Some state government workers in the Departments of Education and Workforce Development and in the Iowa National Guard are likely to be furloughed if across-the-board federal budget cuts kick in Friday. However, Iowa Governor Terry Branstad doesn’t have an exact estimate of the impact of the so-called “sequestration”on state government operations.

“We have no clue,” Branstad told reporters this morning. “The president has put out, you know, information about their estimate. We have different estimates from different people, but it all depends upon how they manage it…It just shows you the dysfunction in Washington. They’re spending all their time pointing fingers…We are going to try to deal with it as best we can.”

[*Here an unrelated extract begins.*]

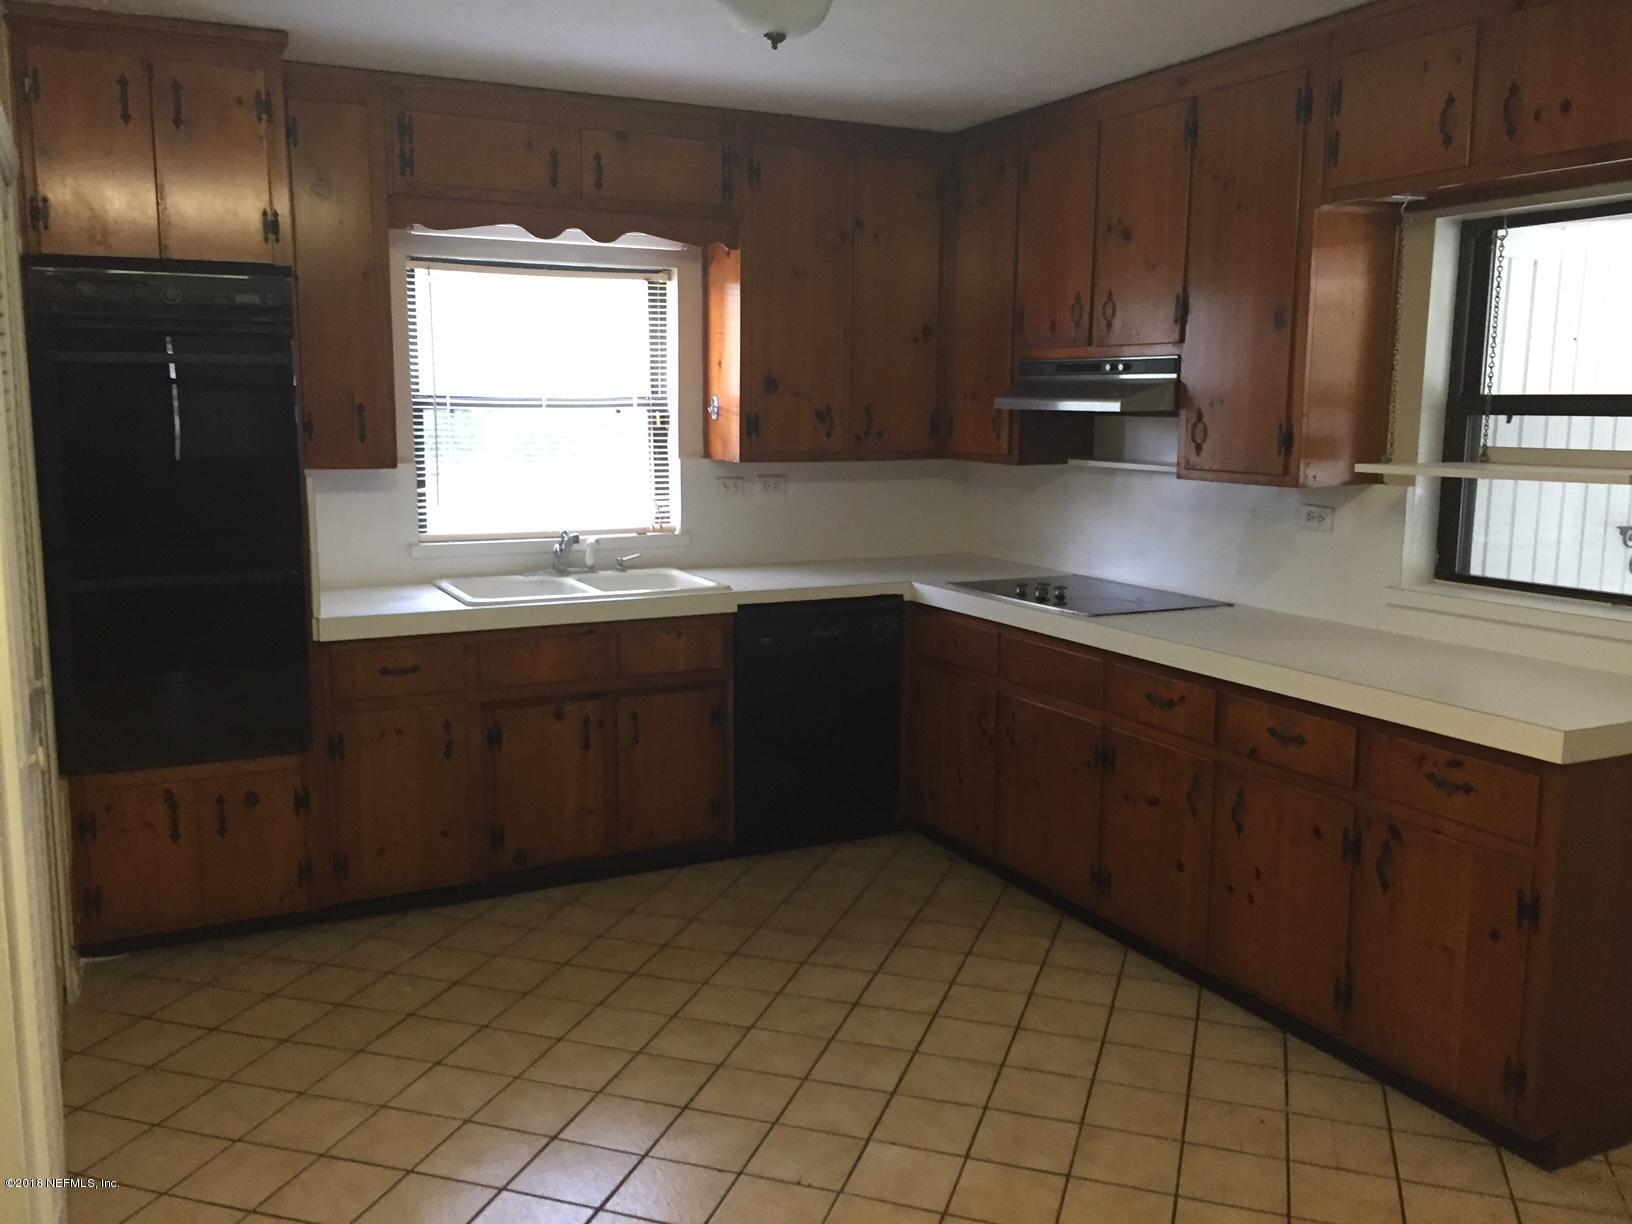 3580 NEW BERLIN, JACKSONVILLE, FLORIDA 32226, 4 Bedrooms Bedrooms, ,2 BathroomsBathrooms,Residential - single family,For sale,NEW BERLIN,946493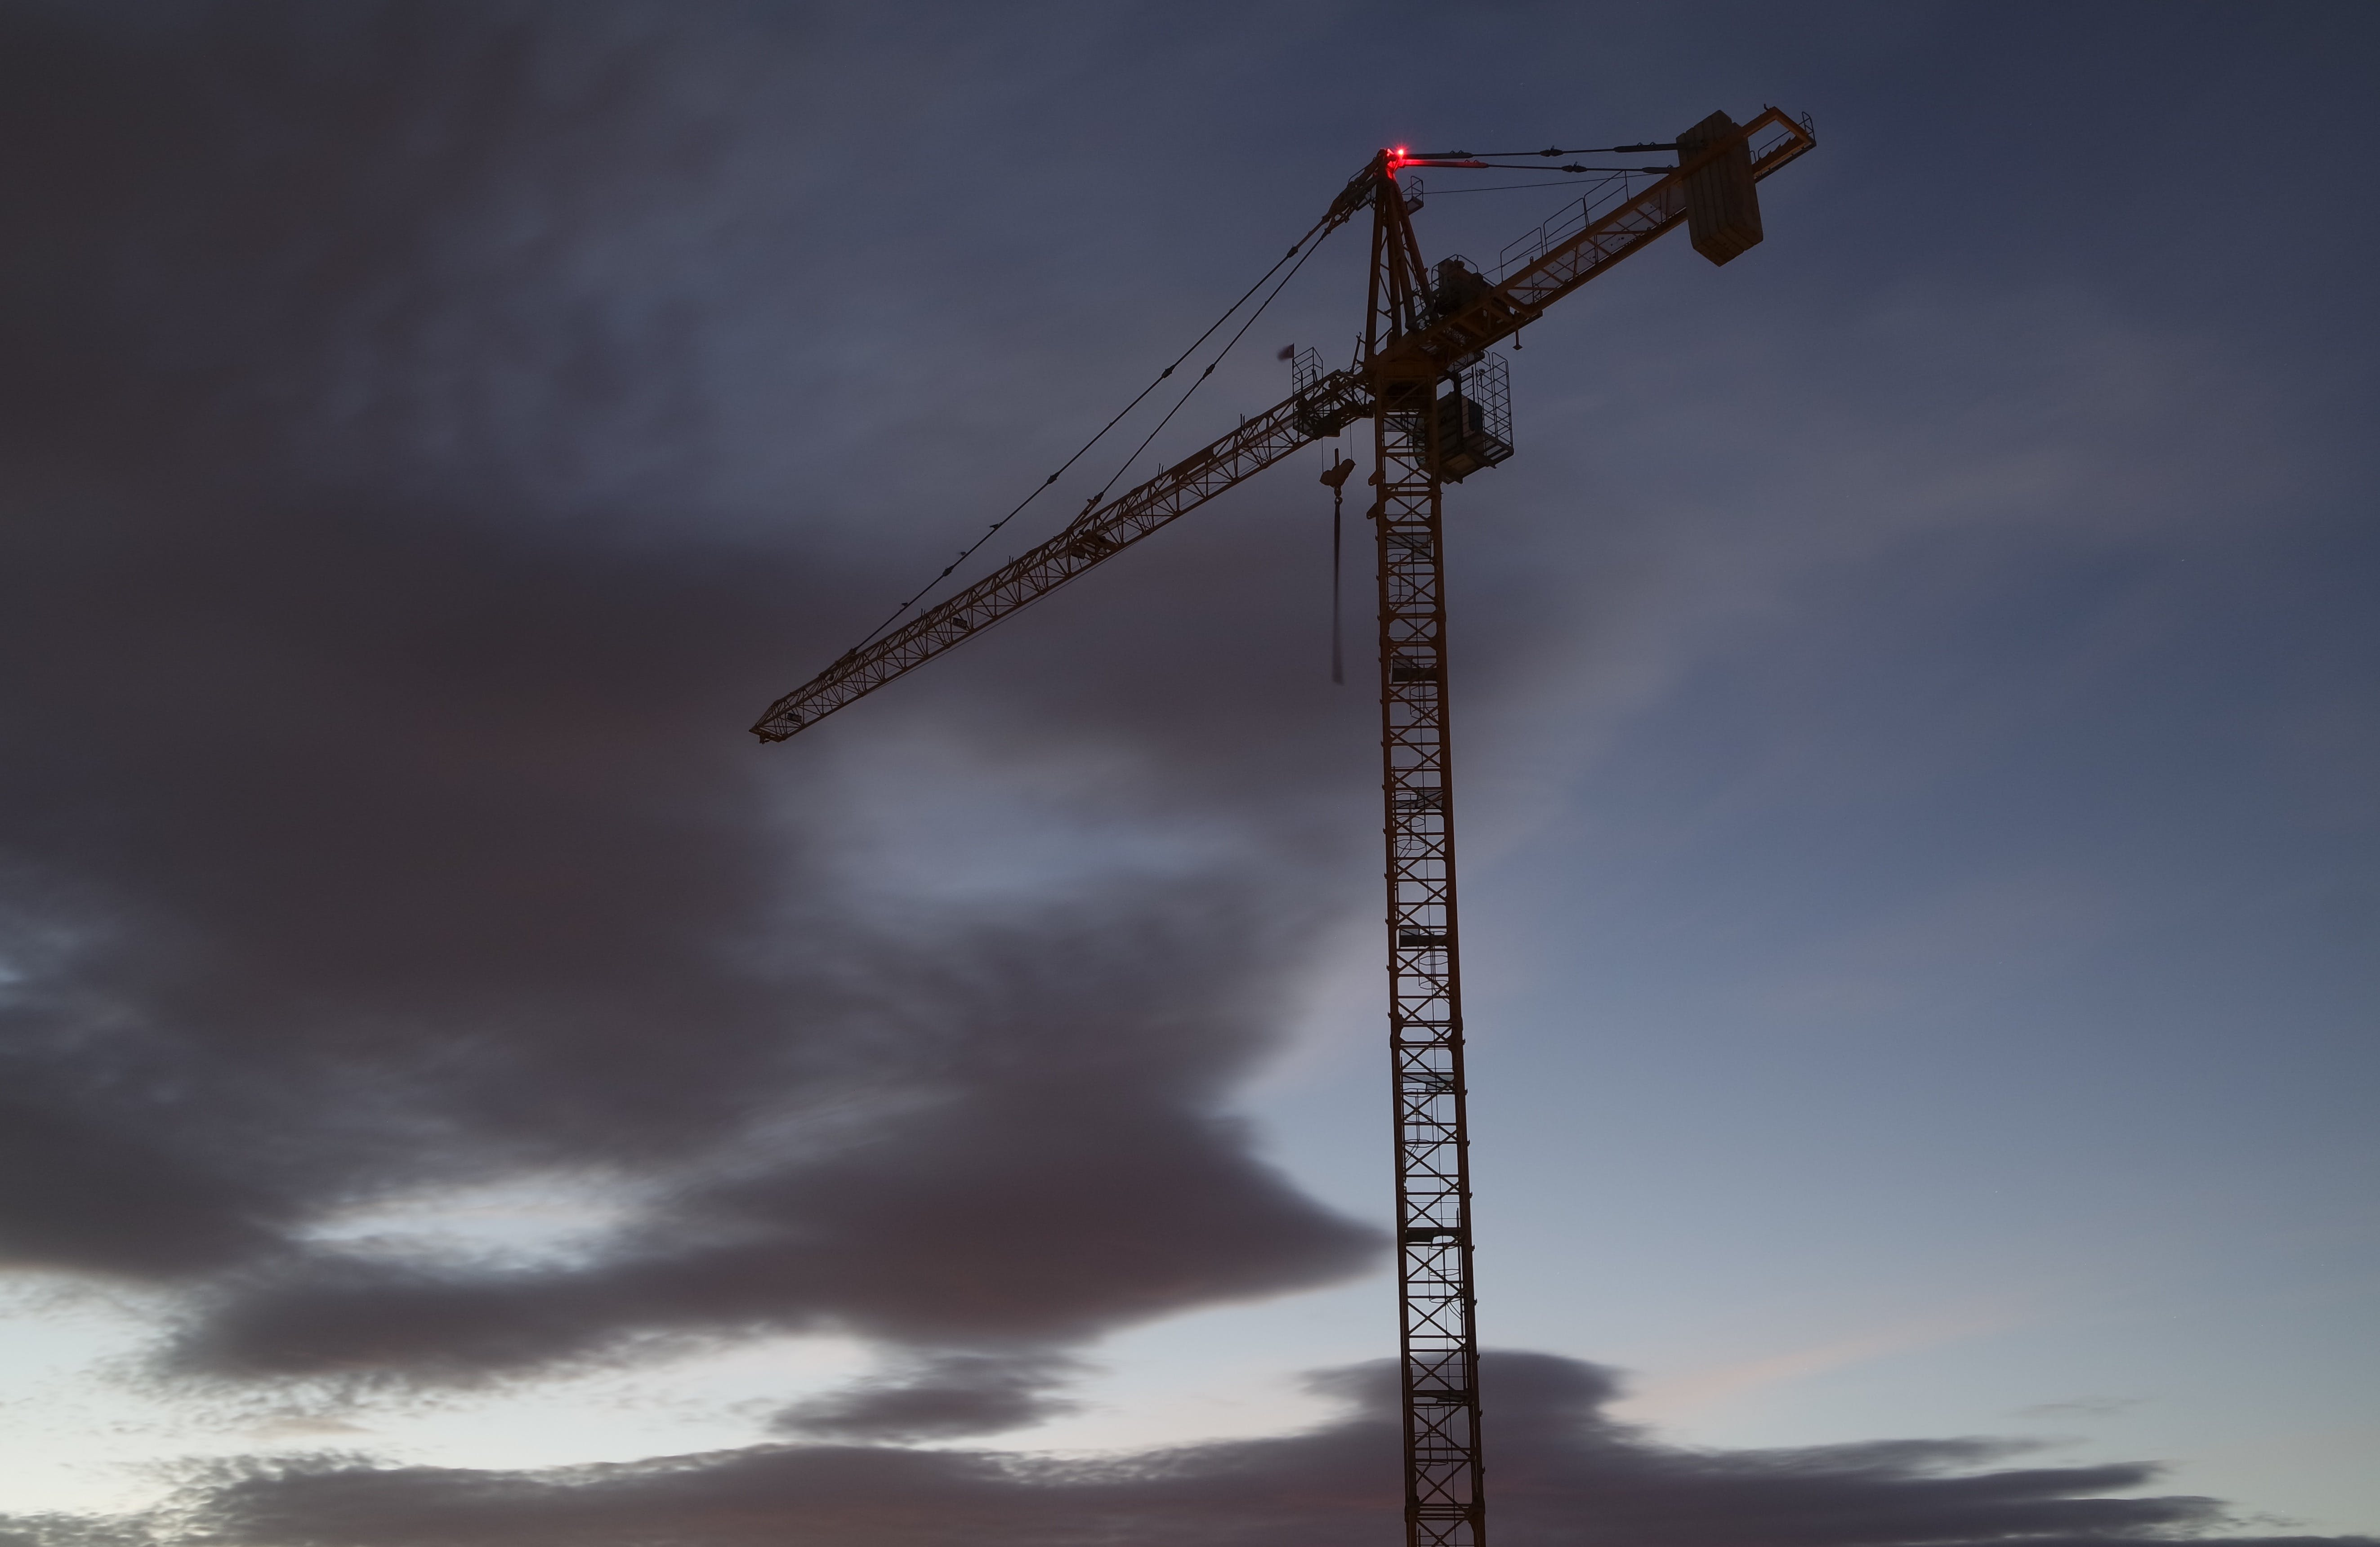 Tower Crane at Nighttime

According to a document released by the White House, about 2000 civilian Department of Defense workers in Iowa would be furloughed, but it did not specify how many of those are employed by the Iowa National Guard. In addition, the state of Iowa will lose $376,000 for job search and referral programs — most likely a reduction that will hit the Iowa Workforce Development agency. The White House estimates a $6.4 million reduction in federal support of K-through-12 public schools in Iowa as well. Branstad blames the “political dysfunction” in Washington, D.C. for creating uncertainty.

“You can look at the estimates they put out of Washington, D.C.,” Branstad said this morning. “We assume they’re not lying to us, but we’ll have to see whether indeed it’s exactly the way they’re predicting it.”

Iowa Department of Management director Dave Roederer has been working with state agency directors to plan for the federal cuts.

“I would say about half of them will be impacted,” Roederer told reporters this morning. “As the governor pointed out, the information that came out from the (Obama) Administration I would say is half correct. The numbers that they put forward are obviously correct, but the cause and effect, that is not necessarily correct.”

For instance, the White House document estimates 160 teachers and teachers aides could lose their jobs as a result of the $6.4 million cut in federal support of K-through-12 schools. Roederer suggests a total of $50 million in federal support of education programs in Iowa may be affected.

“The other thing which our folks are doing here in Iowa is we are taking the approach of what will be the least disruptive to all of the recipients of the programs that we have,” Roederer says. “And I expect that this all will be changing on a daily basis and even on an hourly basis as we go through.”

Governor Branstad points to this “sequestration” episode as another reason he’s not going to expand government-paid Medicaid health care coverage to 150,000 more Iowans. Branstad, a Republican, has repeatedly said he doesn’t trust the federal government to fulfill its promise to provide the money for that expansion.